Apologies for a few days’ delay in answering some emails – I’ve been on a quick flight to Korea, where we’ve had a breakthrough in my animal welfare day job
11 hours’ flight each way in 3 days means not much sleep, but lots of time to write emails. So with less than two months to go to the General Election and Broxtowe the 8th closest race in the whole country, I’d like to write a largely non-partisan practical note on what will happen and how you can get involved. I hope you’ll find it helpful.
First, it’s important that everyone is actually able to vote. There are two things to check:
1. Is Everyone in the Household Registered Here?
With the introduction of individual voter registration, several million voters nationally have dropped off the register. This applies in particular to areas where people move house often and to students, who can no longer be registered collectively by their universities. If you’re not sure if you’re registered, you can check by ringing Broxtowe Electoral Services on (0115) 917 3276.
Registration is easy to do online, though you need to have your National Insurance number (which you can check on a wage slip, student loan form, pension statement or a host of other official documents). The website to register is here:
Register to vote – GOV.UK and it will take less than 5 minutes. Please pass this on to anyone who you think might not be registered.
A particularly important point is that If you divide your time fairly evenly between two places – e.g. you’re a student away during term time – you can register in both and vote in either, though you can’t vote twice in the same national election. It’s probably most worthwhile to vote here in Broxtowe rather than in the other seat, because it’s so close here that a handful of votes could well decide the outcome.
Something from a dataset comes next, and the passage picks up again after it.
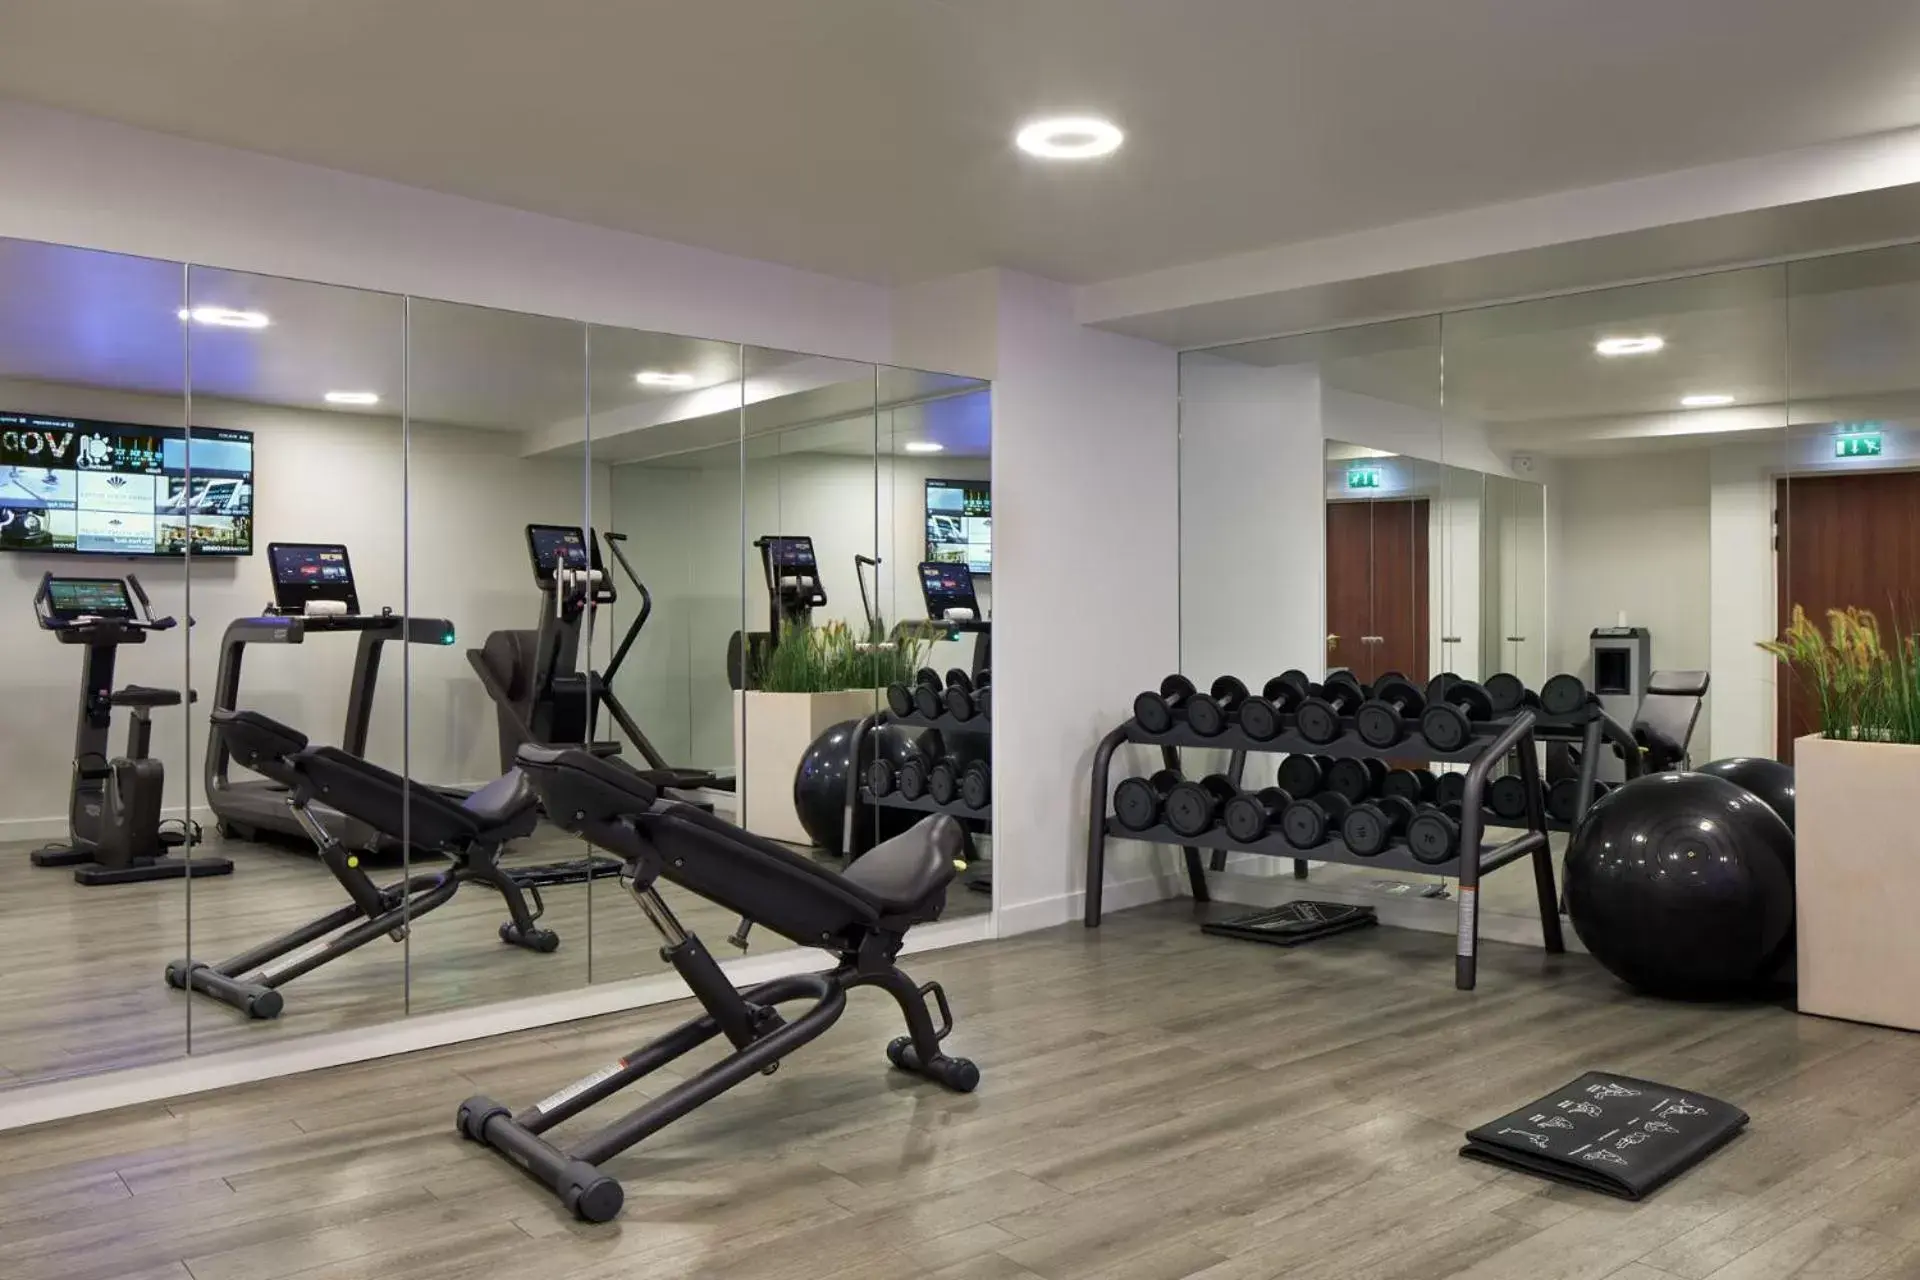 Fitness centre/facilities, Fitness Center/Facilities in Maison Albar Hotels Le Pont-Neuf

2. Would a Postal Vote be Useful For You?
At every election, all parties find that around 10% of the people who planned to vote for them can’t do it on the day, because they’re unwell, or unexpectedly away, or just too busy with a family crisis or other issues. We therefore encourage people to sign up for postal votes. The way this works is that you receive the ballot paper a couple of weeks in advance of polling day, and can then send it back when it’s convenient for you. Again, this is particularly helpful to students, who can vote in Broxtowe even if they’re studying elsewhere, but it is also important for anyone doing shift work or in uncertain health.
You can order a postal vote by ringing the electoral services number above, or downloading the form at: http://www.broxtowe.gov.uk/CHttpHandler.ashx?id=109&p=0
In rare cases, you may prefer to order a proxy vote, which means getting someone who you trust to vote for you. This applies mainly if you’re likely to be far away so that a postal vote might not reach you and get sent back in time. The form for that is here:
3. Help in Delivering Election Literature
A common criticism of candidates is that they don’t go into enough detail about what they will do for the constituency. The problem is that there are about 40,000 homes in Broxtowe, and it takes about an hour to deliver 100 leaflets, so sending one leaflet to everyone takes about 400 hours, or say 4 hours each for 100 volunteers. Wealthy parties can pay for this to be done (by post or delivery service), but everyone else has to do it by volunteer effort. Whichever candidate you prefer would certainly welcome your help if you can spare a few hours. If you’d like to help me get my message out in the next few weeks, please let me know:
• Your address
• Your phone number to contact
• Whether you can help outside your immediate area (e.g. if you live in Chilwell, could you help if we are short of help around IKEA in Kimberley?).
On election day – Thursday May 7 – itself there will be masses to do, and elections are fascinating exercises in democracy. If you’d like to see the process at close hand, do take the day off and help!
4. What’s Going to Happen Here?
The election will formally be called around the end of this month. At that point, tighter spending limits kick in, creating a more level playing field, though it’s still possible for national parties to get around the limits e.g. by “national” poster campaigns which “accidentally” happen to be in marginal seats. It looks as though we will have fewer all-party hustings events than last time, when we had half a dozen. Ms Soubry has declined to take part in any before all the manifestos are published, and has also indicated that she’d rather not take part in debates on special subjects like education, though I’ve agreed to debate the other candidates on this and perhaps she will reconsider. There will be a BBC TV debate for Broxtowe in mid-April, and I’m aware that the churches and other groups are hoping to organise hustings as well.
Apart from Ms Soubry and me, there will be candidates for the LibDems (not yet selected a candidate at all), UKIP, Greens and the new Men and Boys Party. The BNP seems to have given up. UKIP actually won Broxtowe in the Euro elections, but it’s fair to say that it’s generally thought that the winner in the General Election will be either Ms Soubry or me (punters can get up to 100-1 odds against other candidates): The gap between us last time was just 0.7%, and the outcome probably hinges partly on whether voters who normally support one of the other parties decide to lend support to one of us to help decide the outcome. Last time, we got 39% each, while the LibDems got 17% and the Greens 0.8%, dividing the left-of-centre vote enough to produce a Conservative win.
There will be another election, for Broxtowe Borough Council, on the same day, so you’ll have two ballot papers. Depending on where you live, your borough council vote may go to two or three candidates, because each ward has 2-3 councillors. The count for the General Election will be on the night of May 7 and is likely to be televised, though I think the Borough Council will count next day.
Because it’s so hard to predict the outcome, the election here should be good fun as well as important. Whatever your preferences, please do take part and let’s make May 7 a day to remember!